Recorded data below:

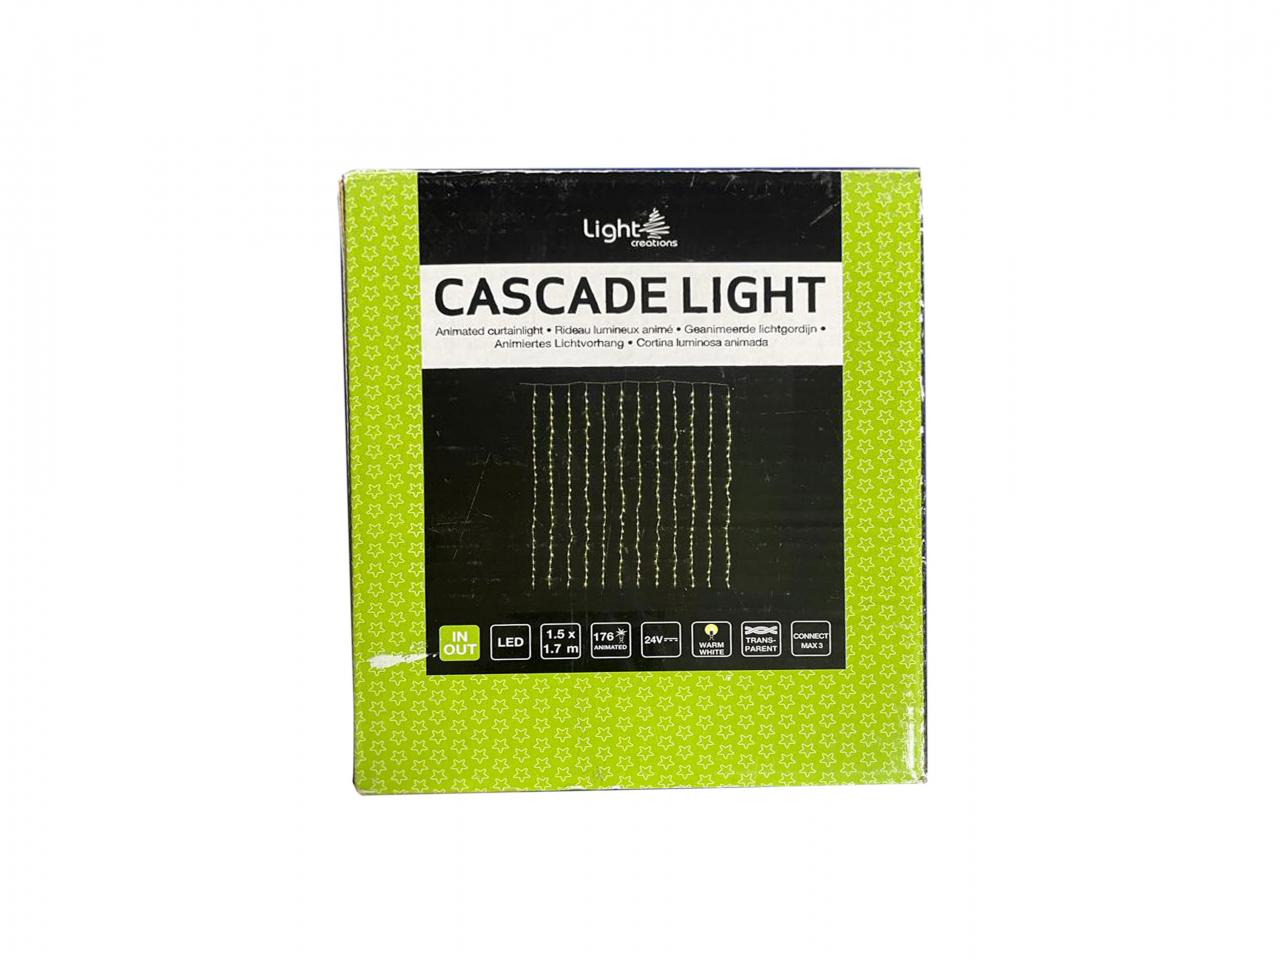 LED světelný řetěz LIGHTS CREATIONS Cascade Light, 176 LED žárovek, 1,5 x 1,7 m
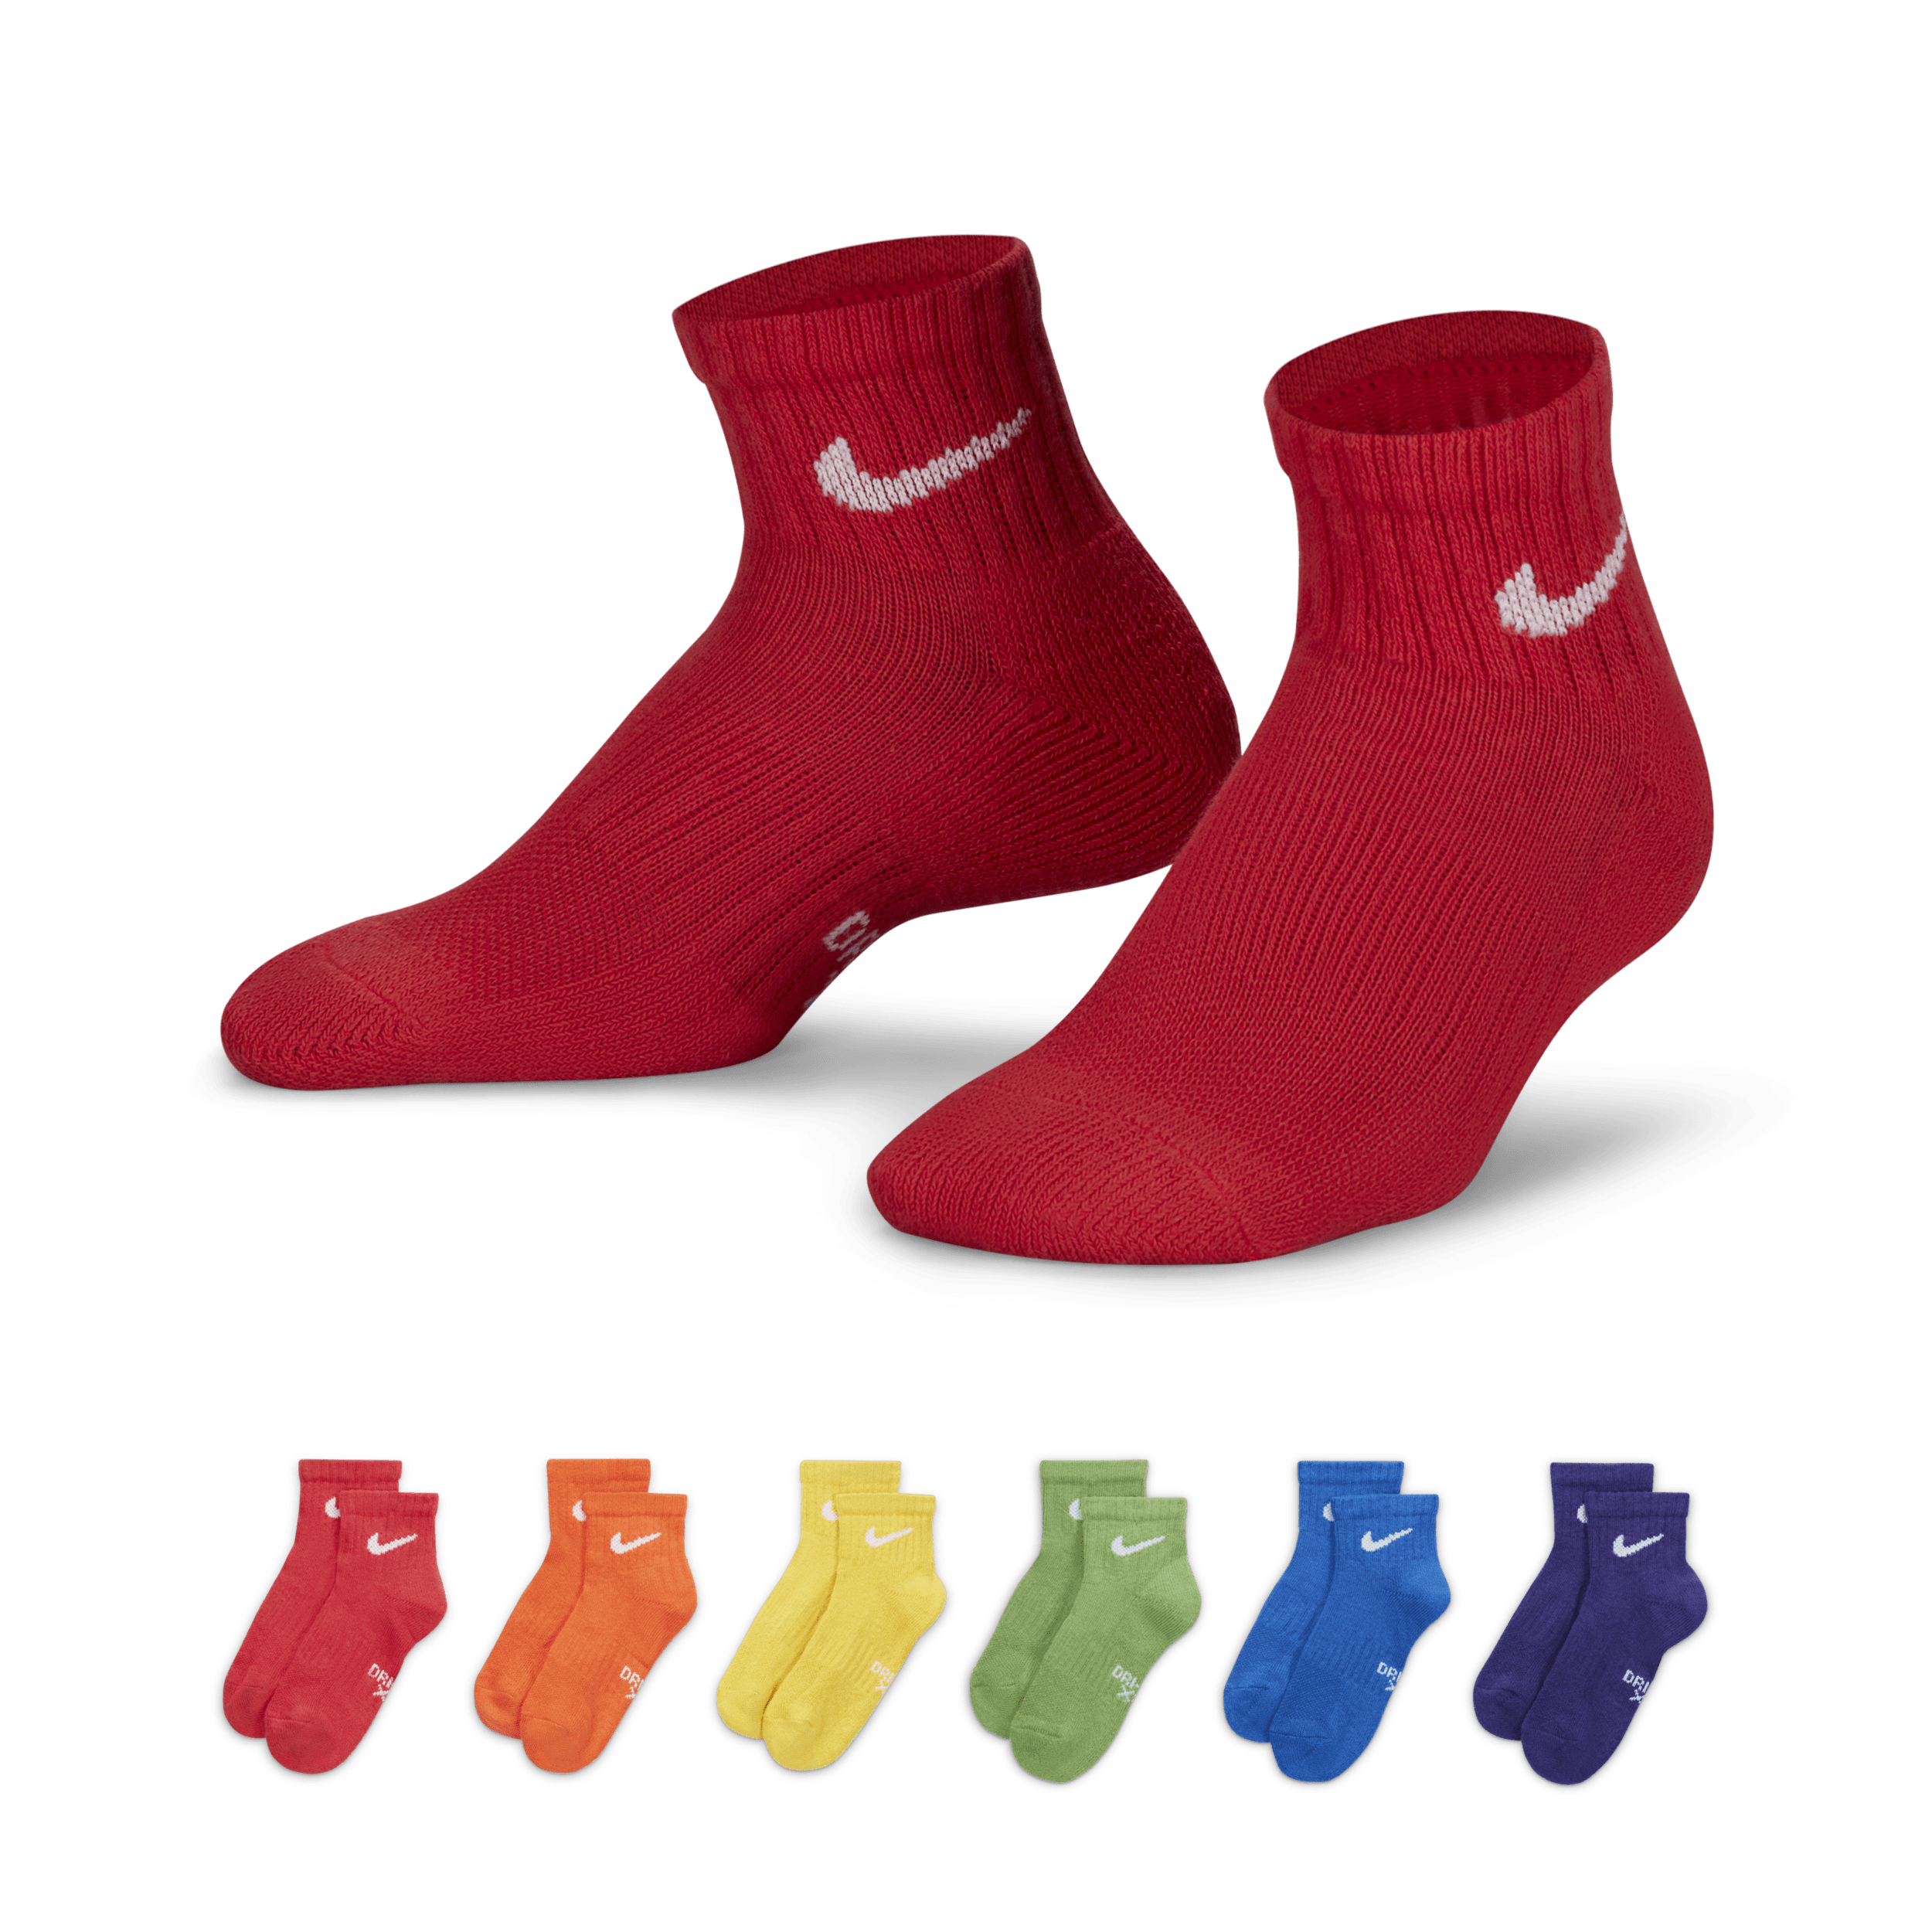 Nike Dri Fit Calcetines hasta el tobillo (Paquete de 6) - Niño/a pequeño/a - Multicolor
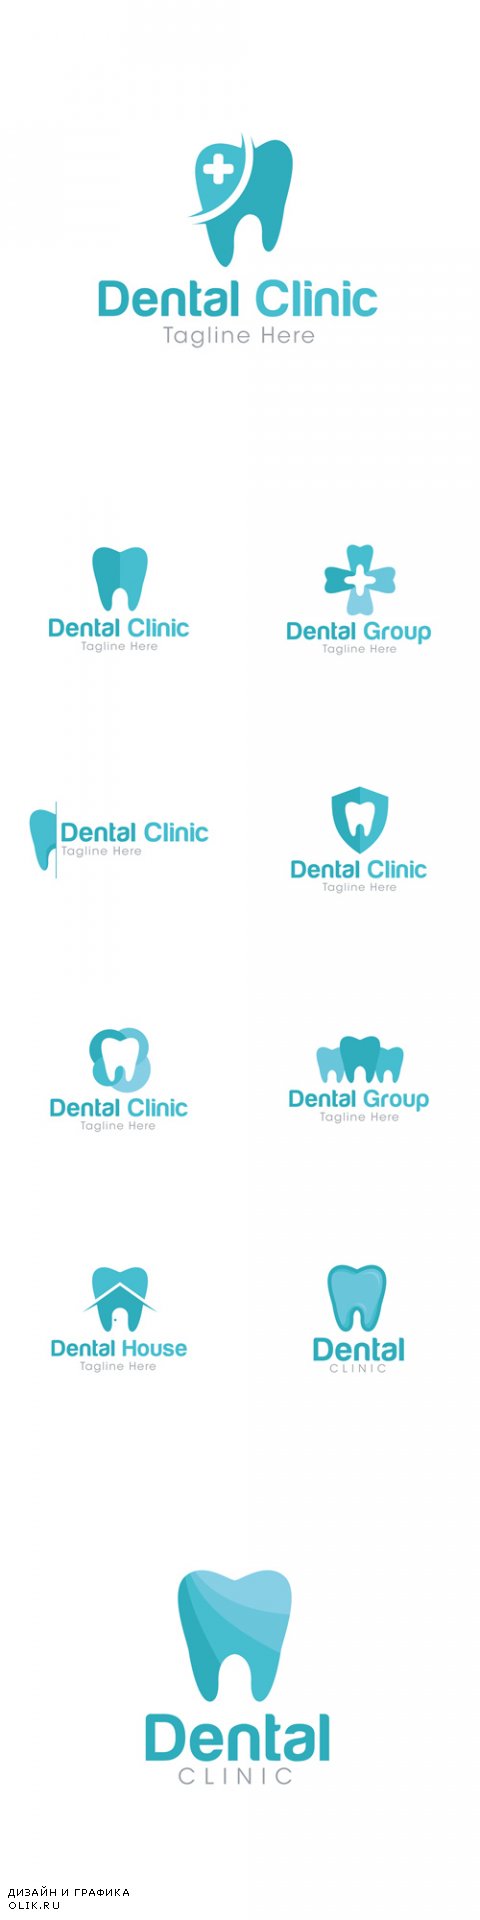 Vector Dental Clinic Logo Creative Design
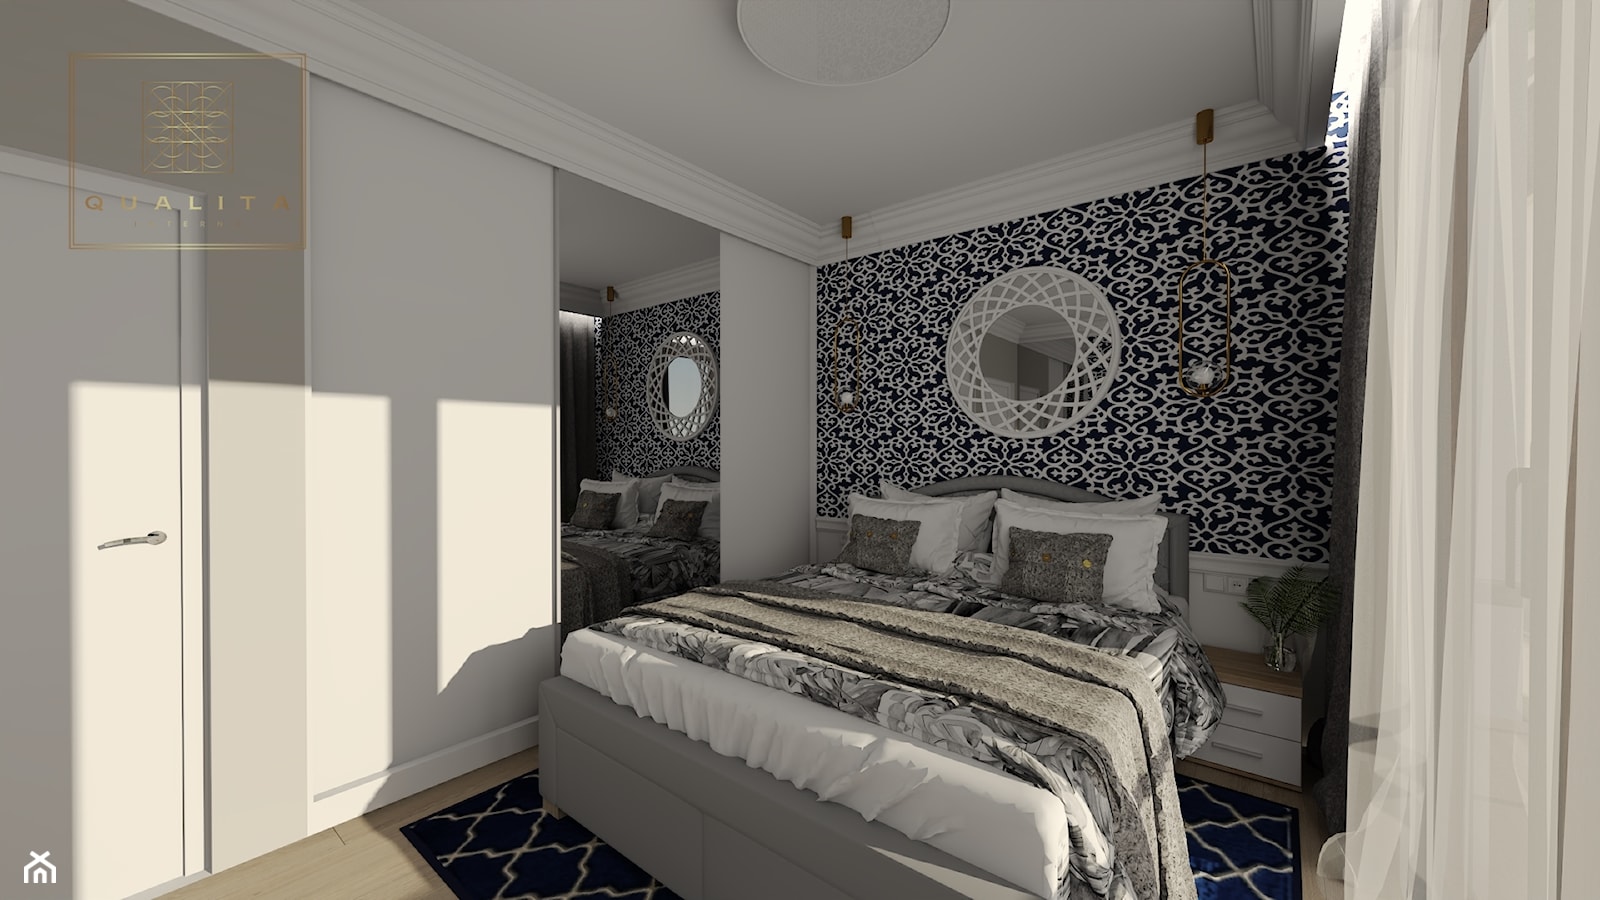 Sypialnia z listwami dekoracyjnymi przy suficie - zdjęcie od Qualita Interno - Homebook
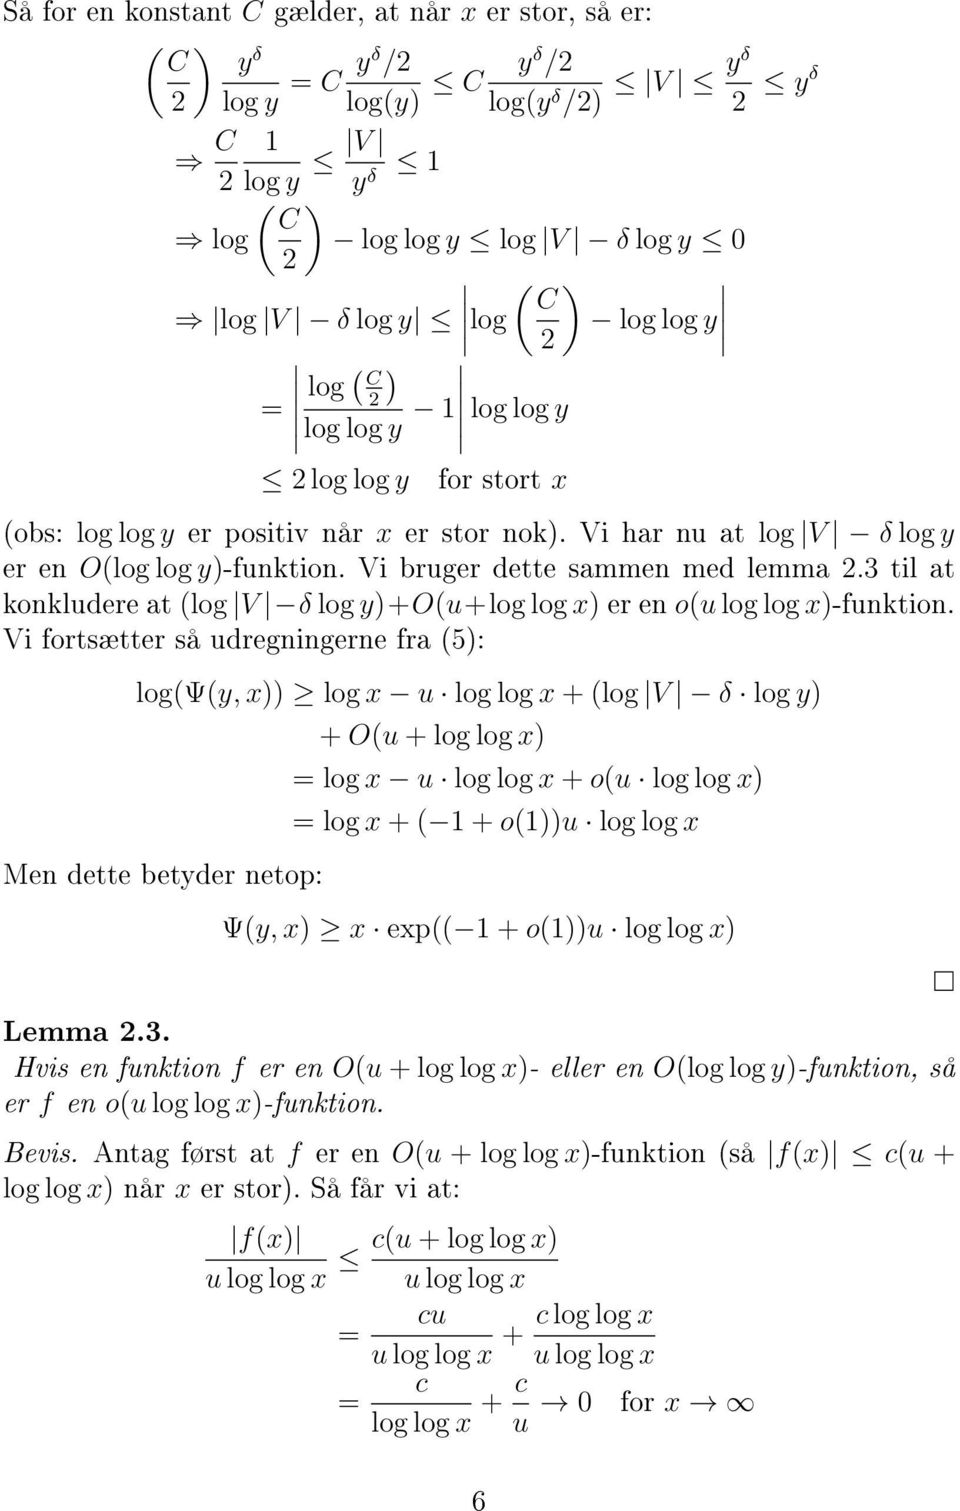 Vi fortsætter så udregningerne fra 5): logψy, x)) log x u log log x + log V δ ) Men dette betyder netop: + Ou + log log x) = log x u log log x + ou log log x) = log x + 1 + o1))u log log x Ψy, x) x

End of Recorded data.

What to work on
Omit all pictures while transcribing the entries verbatim.

Exercise result
 LED světelný řetěz LIGHTS CREATIONS Cascade Light, 176 LED žárovek, 1,5 x 1,7 m
 Nike Dri Fit Calcetines hasta el tobillo (Paquete de 6) - Niño/a pequeño/a - Multicolor
 Vector Dental Clinic Logo Creative Design
 Sypialnia z listwami dekoracyjnymi przy suficie - zdjęcie od Qualita Interno - Homebook
 Vi fortsætter så udregningerne fra 5): logψy, x)) log x u log log x + log V δ ) Men dette betyder netop: + Ou + log log x) = log x u log log x + ou log log x) = log x + 1 + o1))u log log x Ψy, x) x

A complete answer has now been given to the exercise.